━━━━━ Record excerpts

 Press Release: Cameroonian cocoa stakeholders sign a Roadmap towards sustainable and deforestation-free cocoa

━━━━━━━━━━
━━━━━ Record excerpts

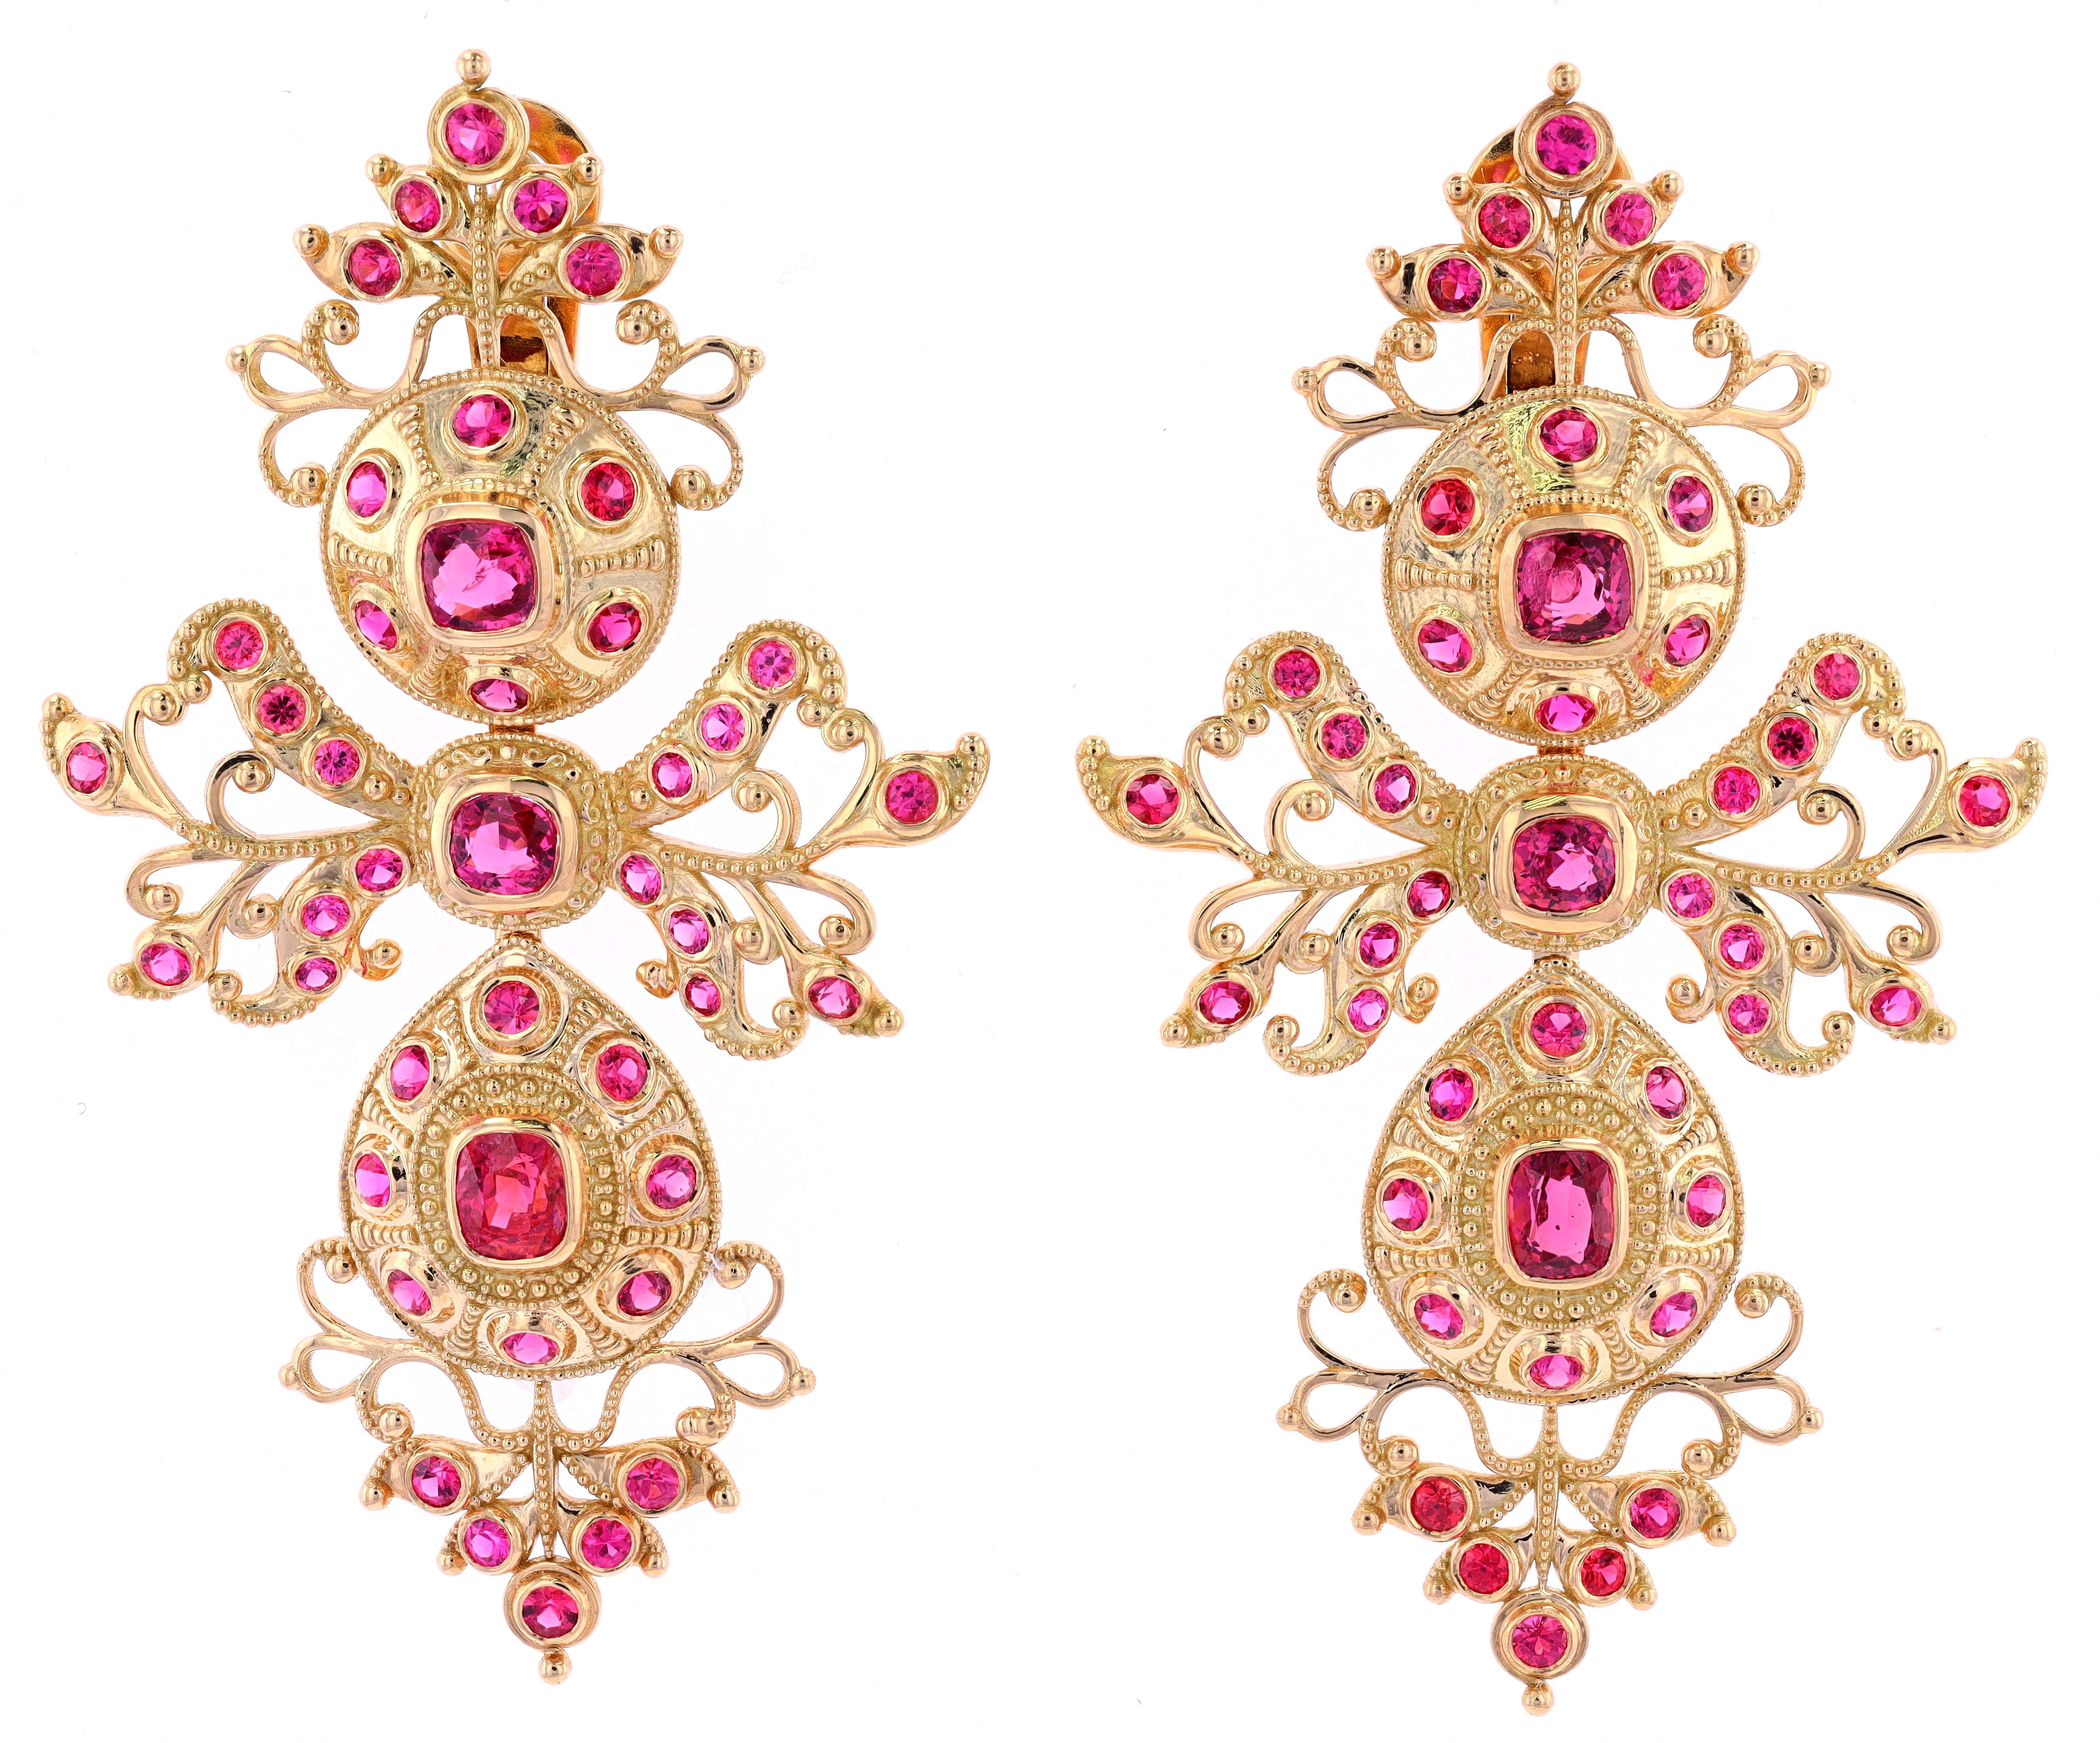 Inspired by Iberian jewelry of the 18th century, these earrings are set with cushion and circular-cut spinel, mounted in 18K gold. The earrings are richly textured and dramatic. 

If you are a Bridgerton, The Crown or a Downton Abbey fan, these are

━━━━━━━━━━

- **About this task**:
In the listing above, find the line containing "Inspired by Iberian" and the line containing "If you are a"; print those lines and every line between them exactly, leaving out pictures.

- **Result for this exercise**:
 Inspired by Iberian jewelry of the 18th century, these earrings are set with cushion and circular-cut spinel, mounted in 18K gold. The earrings are richly textured and dramatic. 

If you are a Bridgerton, The Crown or a Downton Abbey fan, these are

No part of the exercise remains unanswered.